State Ex Rel. Missouri Office of the Public Counsel v. Public Service Commission

293 S.W.3d 63, 2009 Mo. App. LEXIS 1206
CourtMissouri Court of Appeals
DecidedAugust 28, 2009
DocketSD 29278, SD 29308, SD 29297, SD 29320
StatusPublished
Cited by8 cases

This text of 293 S.W.3d 63 (State Ex Rel. Missouri Office of the Public Counsel v. Public Service Commission) is published on Counsel Stack Legal Research, covering Missouri Court of Appeals primary law. Counsel Stack provides free access to over 12 million legal documents including statutes, case law, regulations, and constitutions.

Bluebook
State Ex Rel. Missouri Office of the Public Counsel v. Public Service Commission, 293 S.W.3d 63, 2009 Mo. App. LEXIS 1206 (Mo. Ct. App. 2009).

Opinion

GARY W. LYNCH, Chief Judge.

The Office of Public Counsel (“OPC”) and Southern Union Company (“Southern Union”) separately appeal from the circuit court’s affirmance of a Public Service Commission (“the Commission”) Report and Order (“the Order”). The resolutions of both appeals are consolidated in this opinion.

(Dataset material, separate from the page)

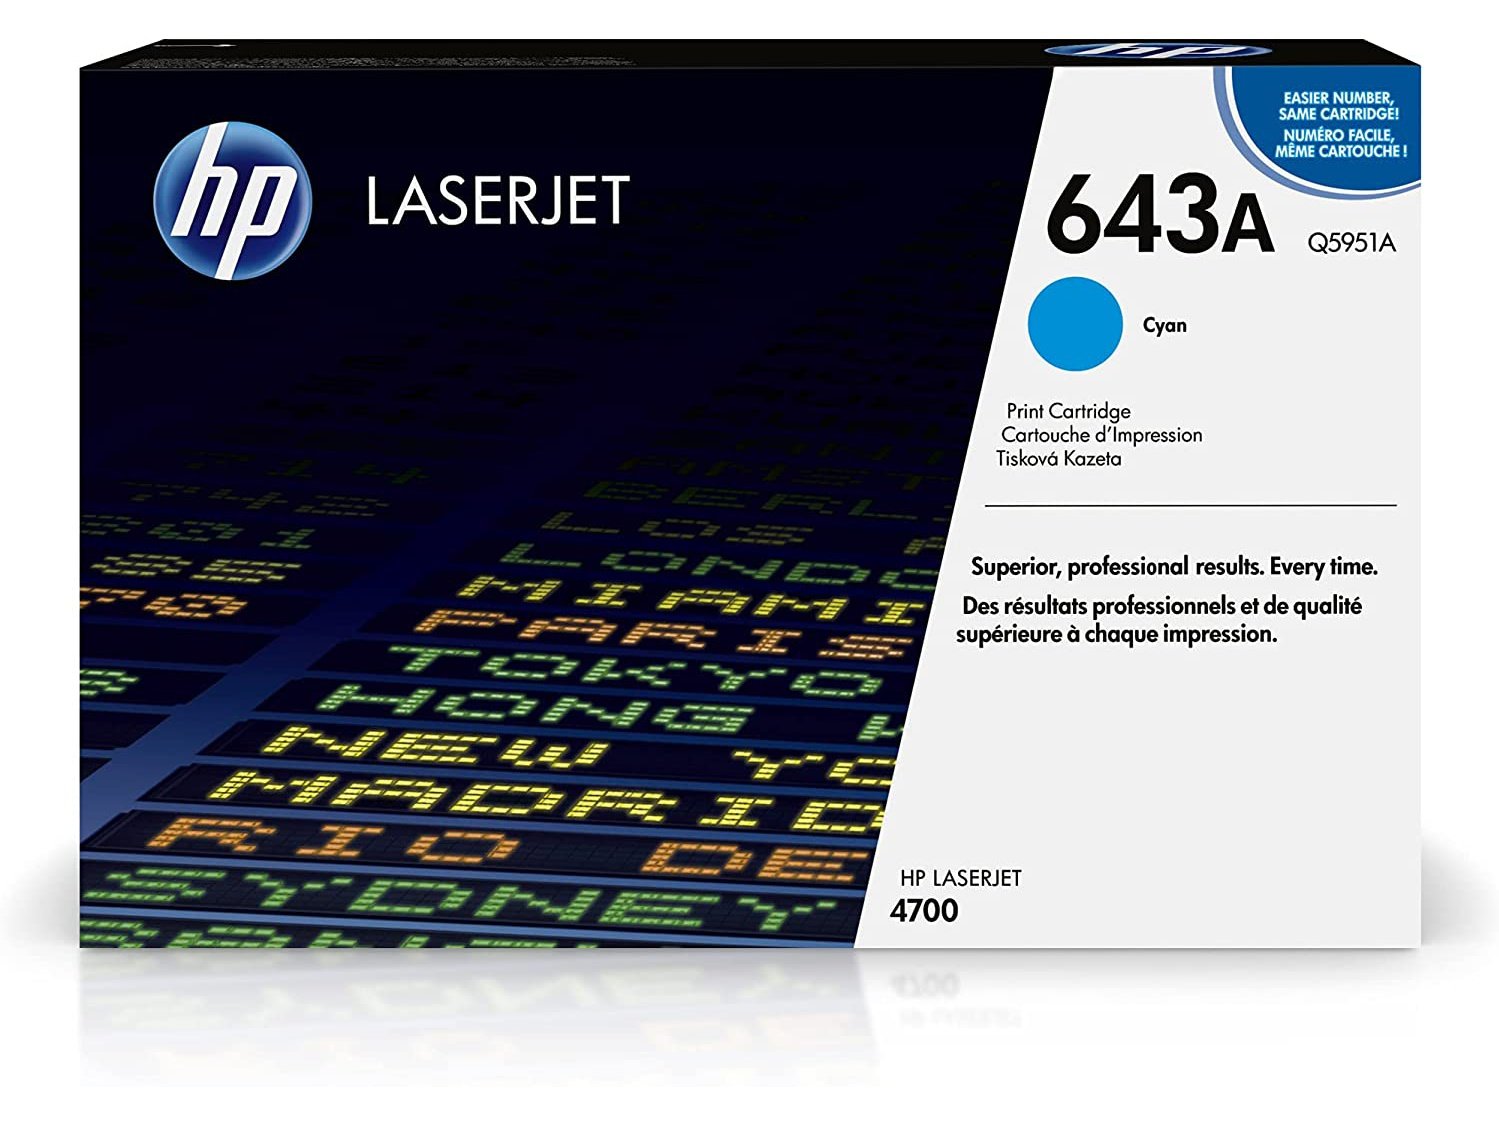 ICU Compatible/ OEM Get HP ICUQ5951A Yields 10,000 Pages 643A Cyan Laser Toner Cartridge - Ink Cartridges USA

OPC raises three points of Commission error: (1) the Order as related to the adopted rate design does not contain sufficient findings of fact and conclusions of law, is not supported by competent and substantial evidence, and is arbitrary, capricious, and an abuse of the Commission’s discretion; (2) the Order permits Southern Union to recover the cost of software no longer being used to provide service to its customers, in violation of section 39B.130 1 ; and (3) the Order permits Southern Union to recover costs that cannot be attributed to compliance with the Cold Weather Rule Emergency Amendment, in violation of 4 C.S.R. 240-13.055.

In its appeal, Southern Union also raises three points of Commission error: (1) the Order retains the use of a 30-year weather normalization methodology, when the competent and substantial evidence supports a 10-year rolling method; (2) the Order retains the use of Southern Union’s actual capital structure, when a hypothetical capital structure more aligned with the interests of its operating division, Missouri Gas Energy (“MGE”), should have been used; and (3) the Order improperly includes in the capital structure calculation the debts of one of Southern Union’s subsidiary companies, creating an unlawful and unreasonable confiscatory rate.

Finding no merit in any of the parties’ points, this Court affirms the Commission’s Order.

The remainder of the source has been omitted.